*** DATA SHOWN

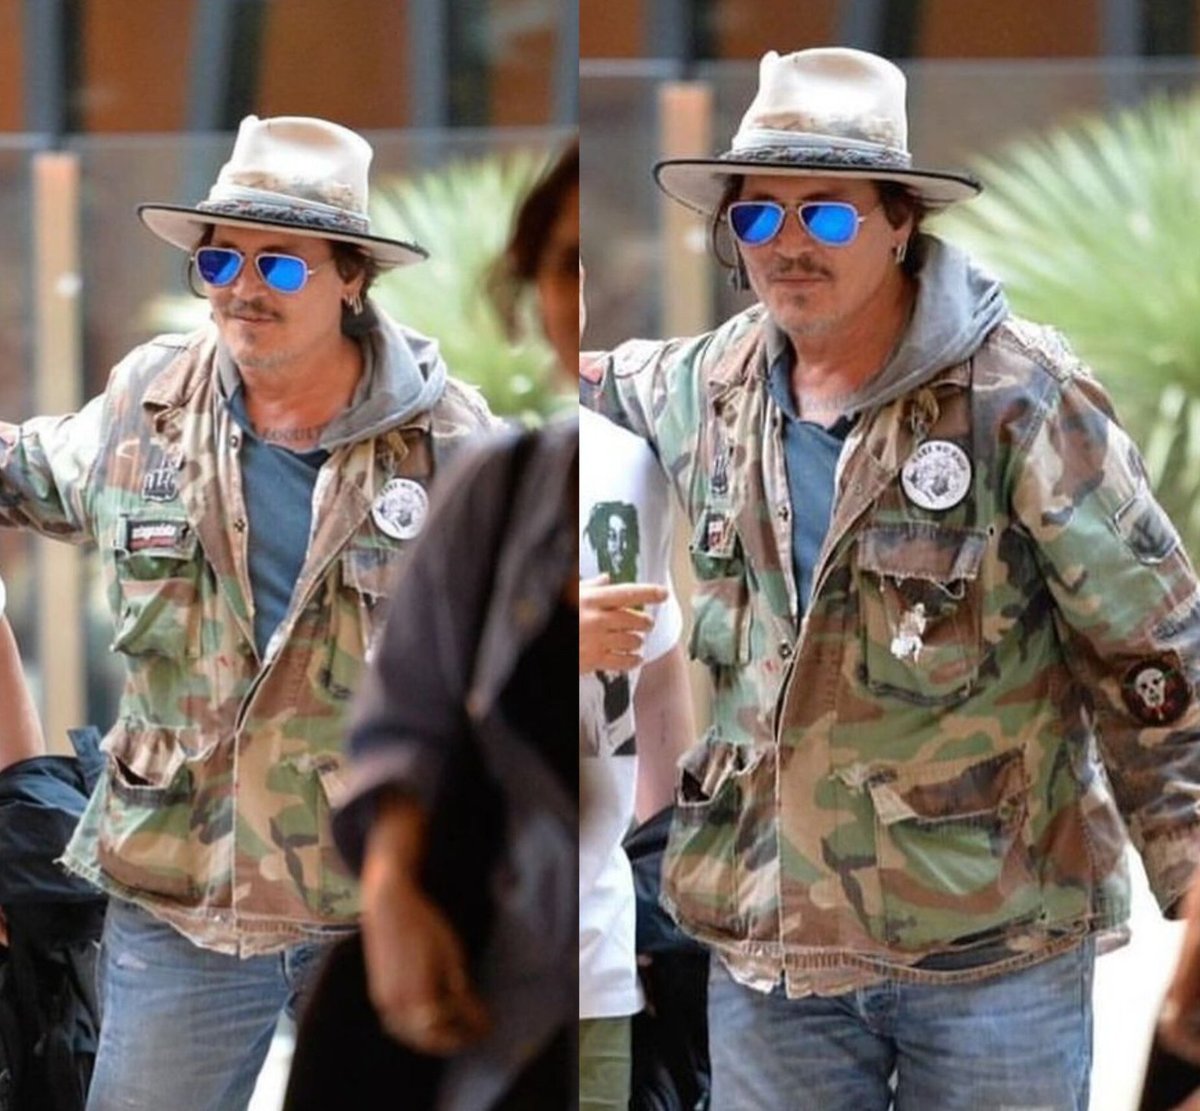 Johnny Depp | 2024 😎🩶
#JohnnyDeppKeepsWinning 
#JohnnyDeppIsABeautifulSoul
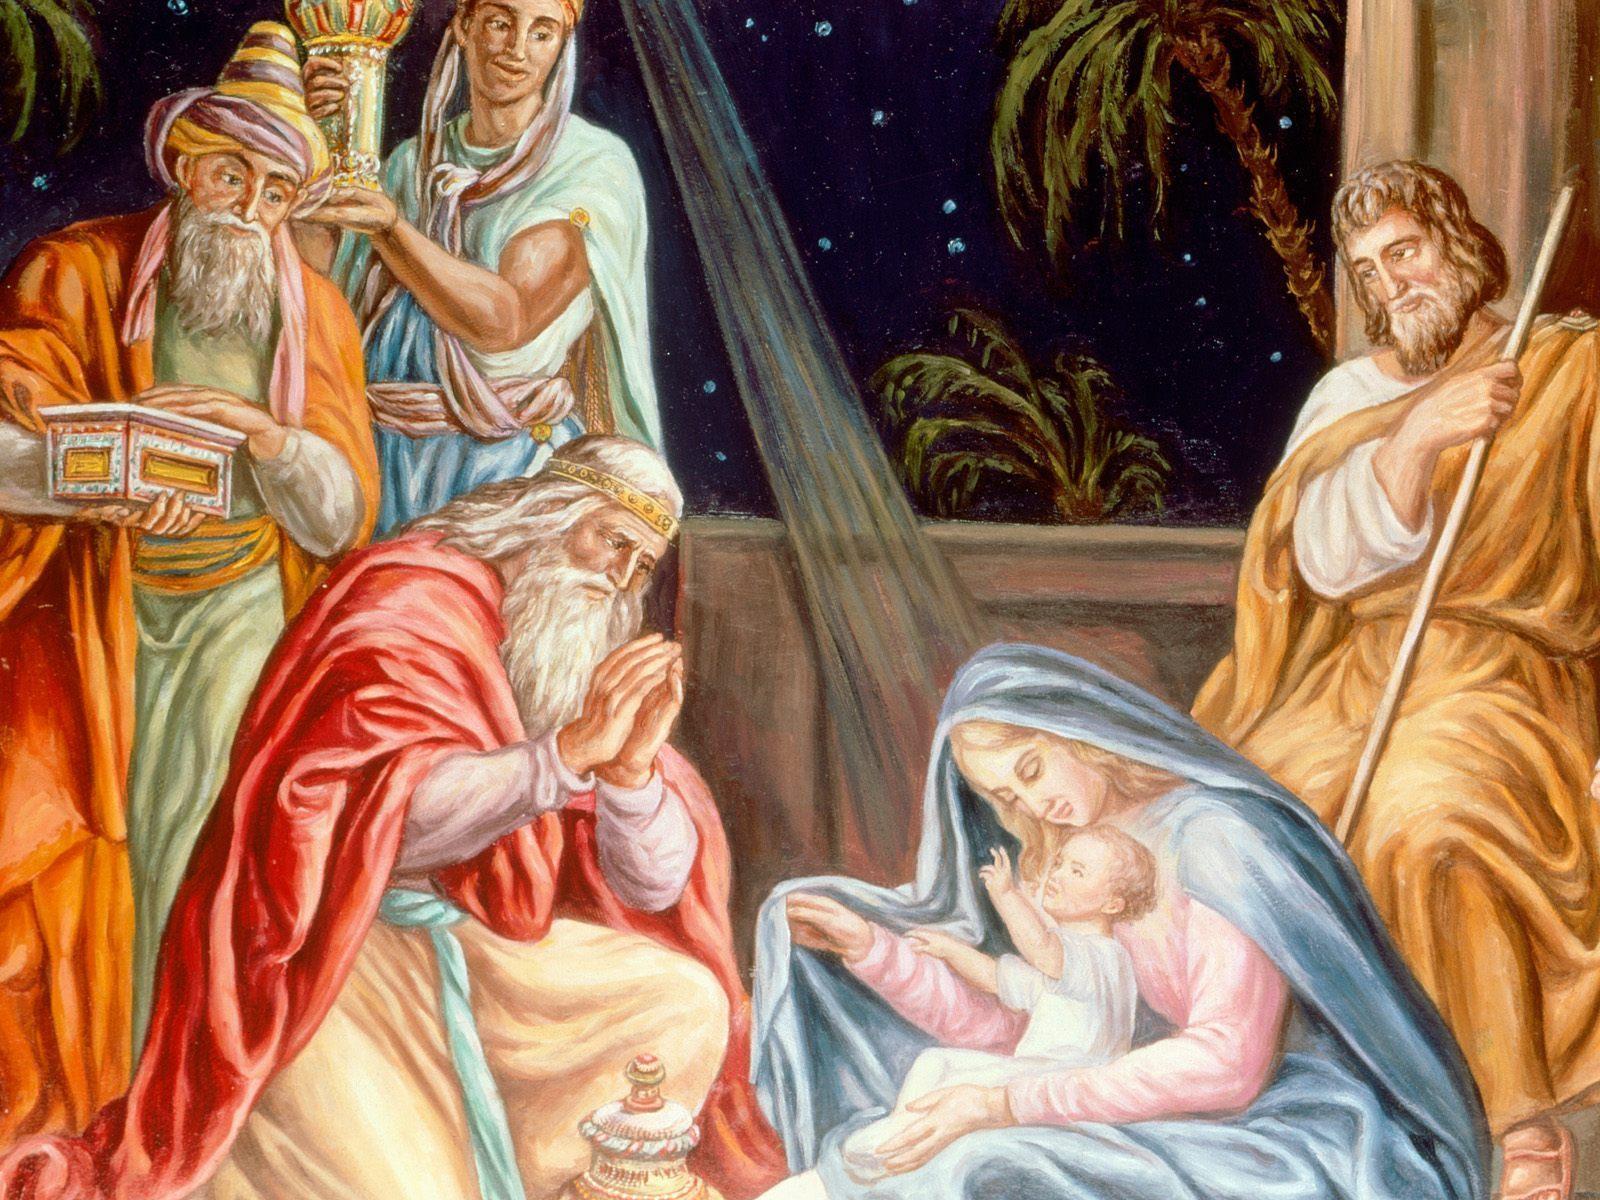 Jesus Christ was born
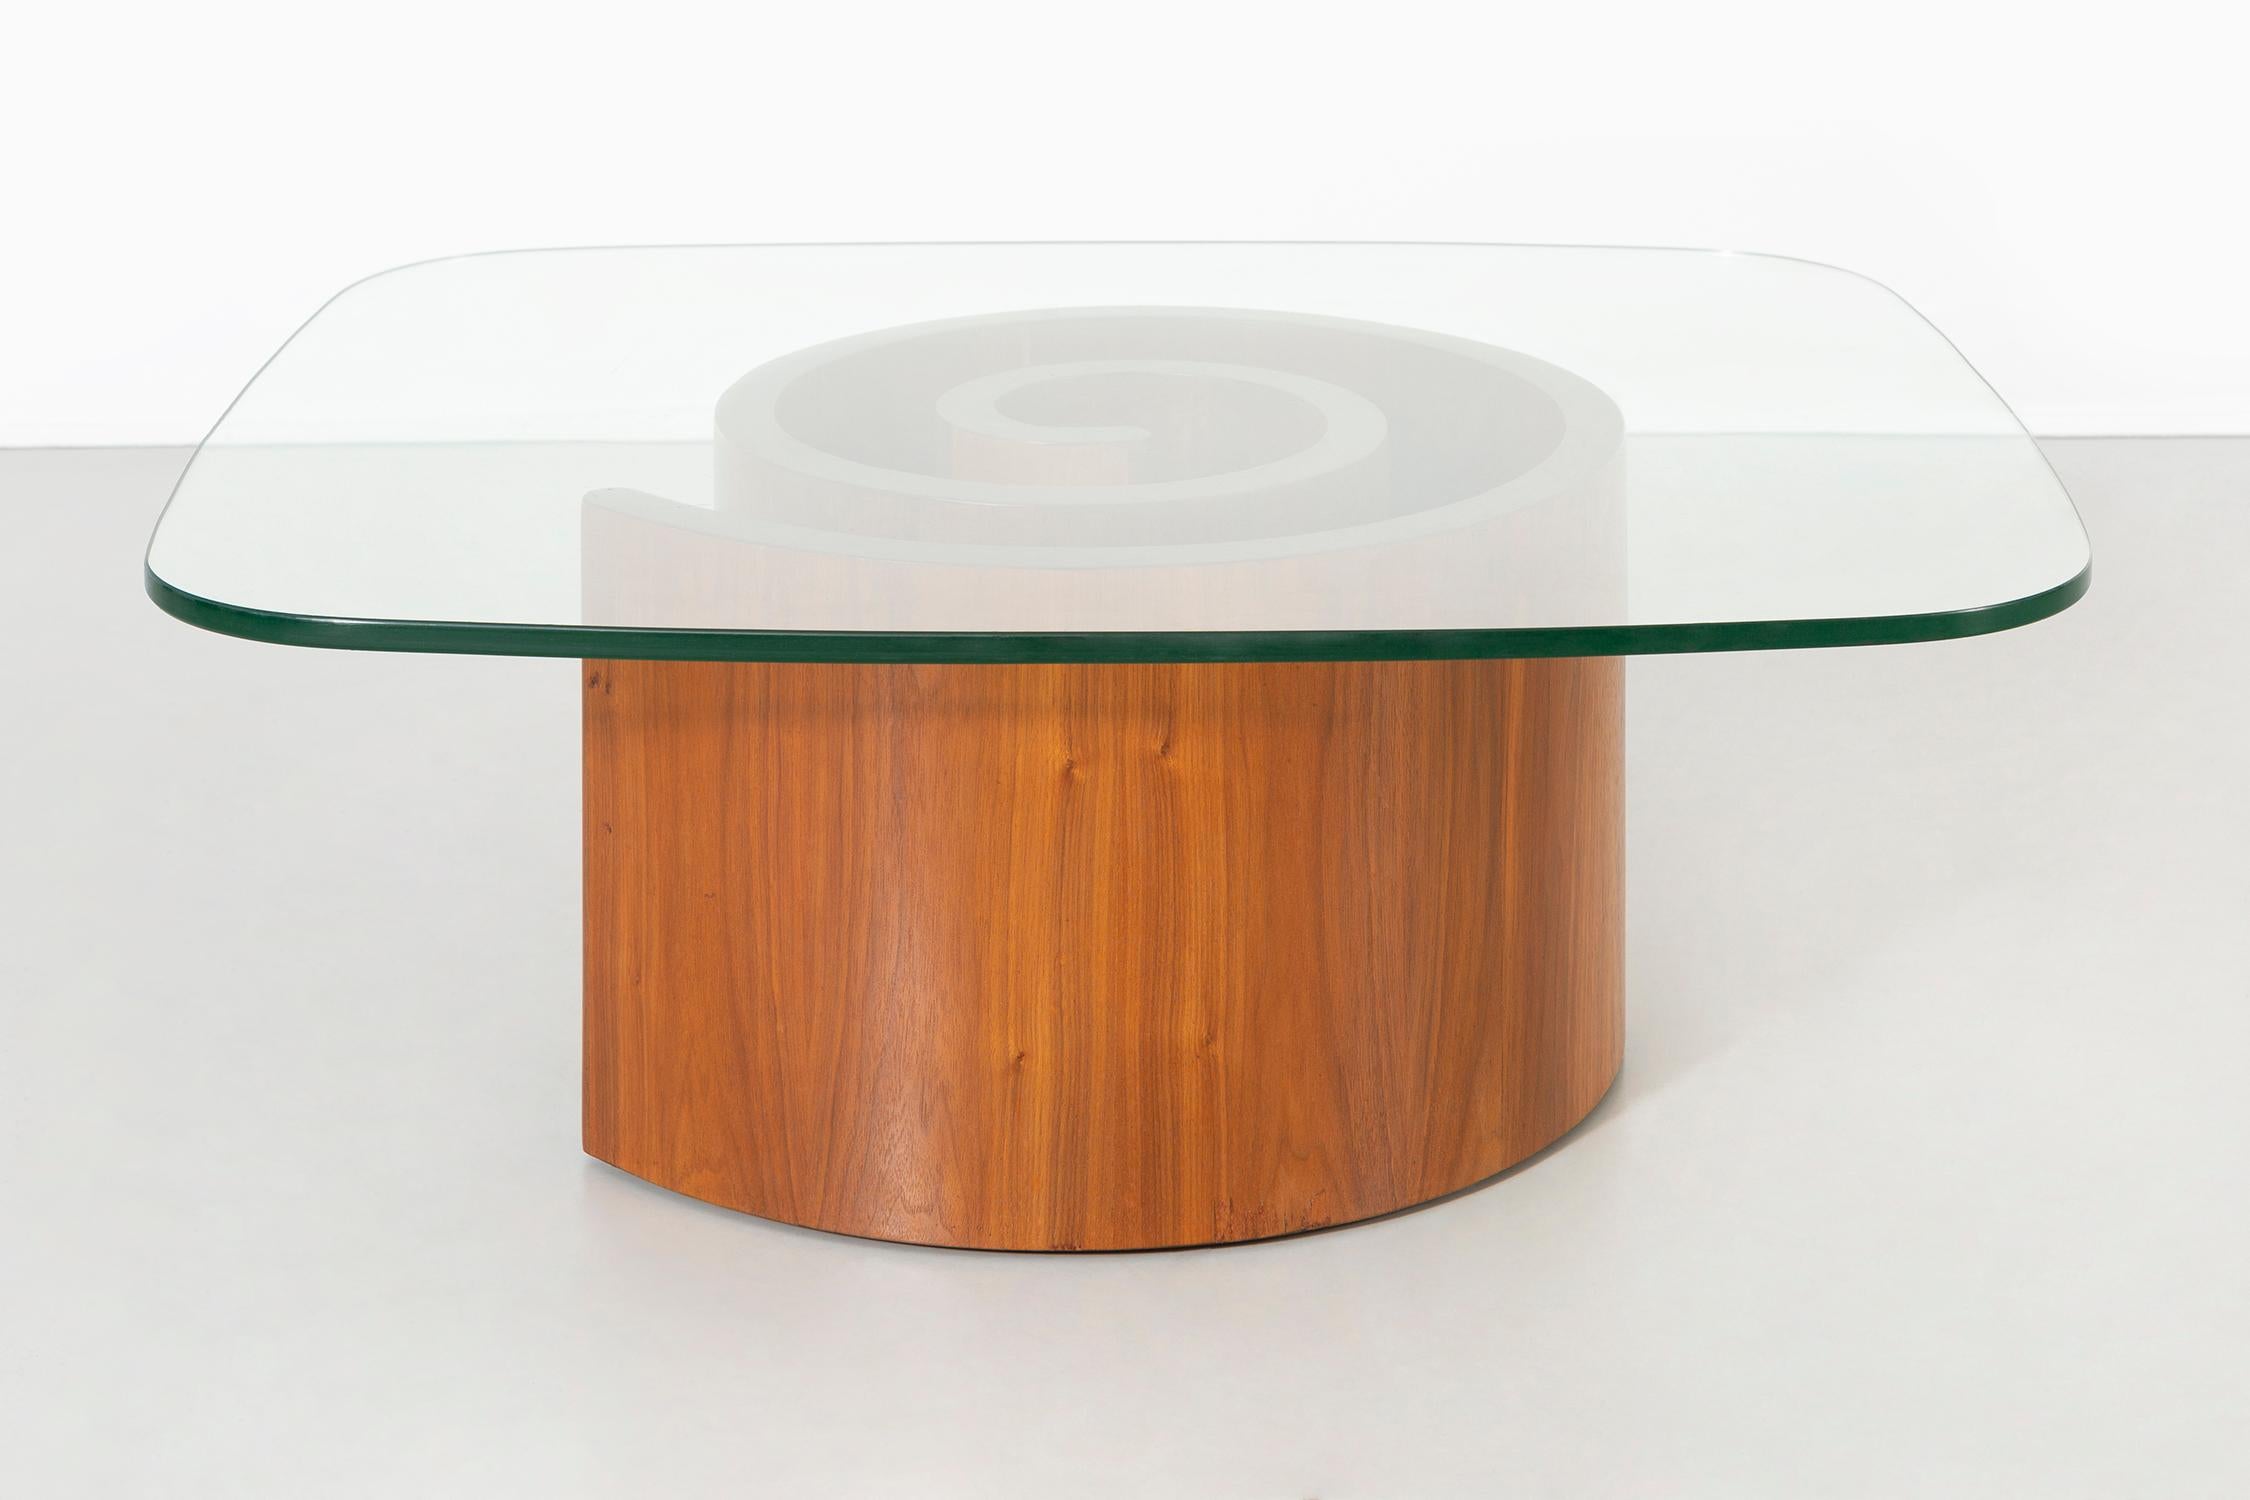 Snail coffee table

designed by Vladimir Kagan for Selig

USA, circa 1950s

walnut + glass

14 5/8
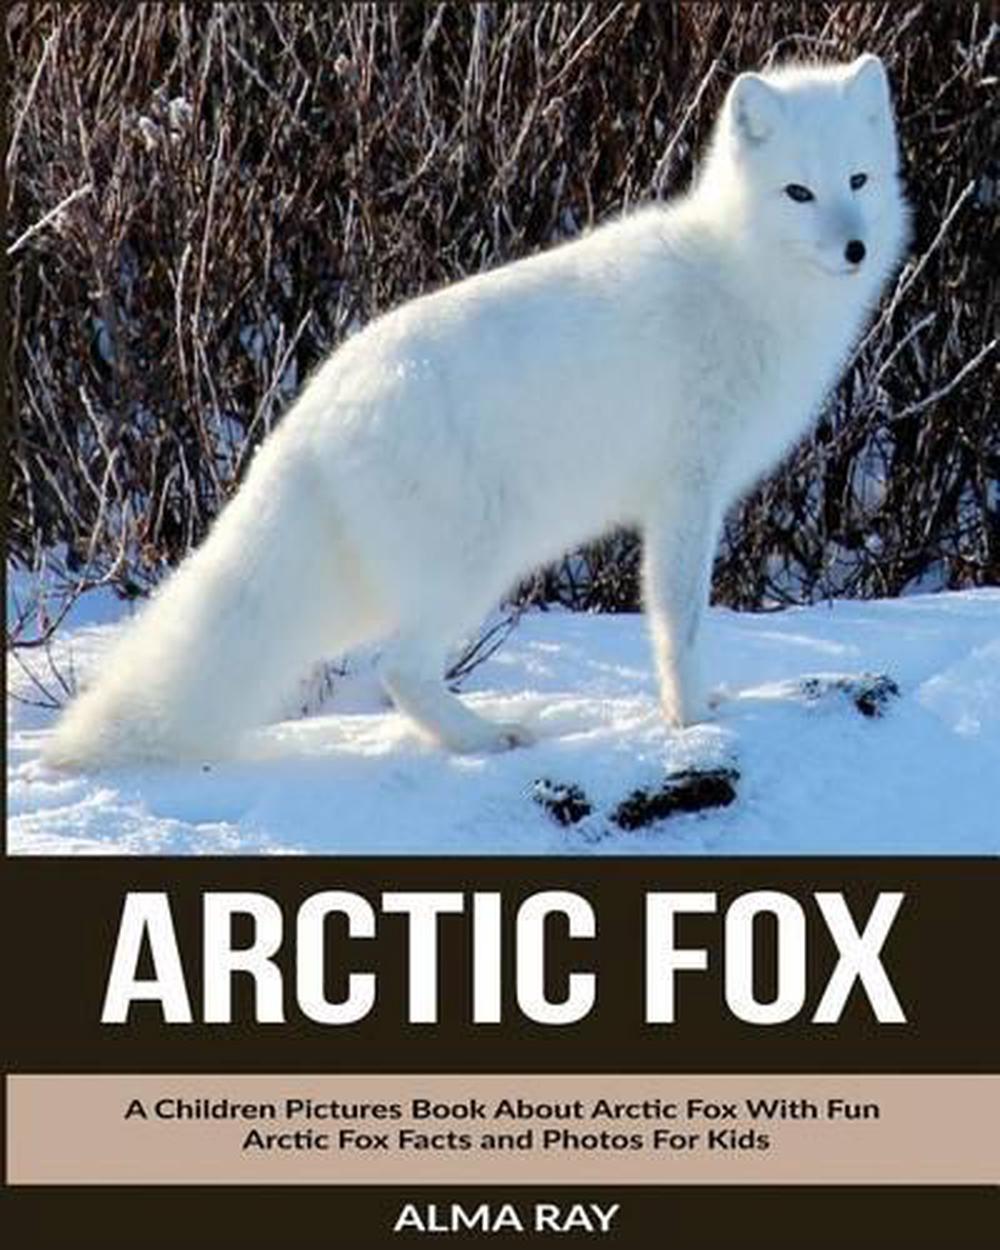 Arctic Fox for Kids

******

» **AIM OF THE EXERCISE**
The response is the full listing, copied exactly, with the pictures omitted.

» **SOLUTION TO THE EXERCISE**
 Johnny Depp | 2024 😎🩶
#JohnnyDeppKeepsWinning 
#JohnnyDeppIsABeautifulSoul
 Jesus Christ was born
 Snail coffee table

designed by Vladimir Kagan for Selig

USA, circa 1950s

walnut + glass

14 5/8
 Arctic Fox for Kids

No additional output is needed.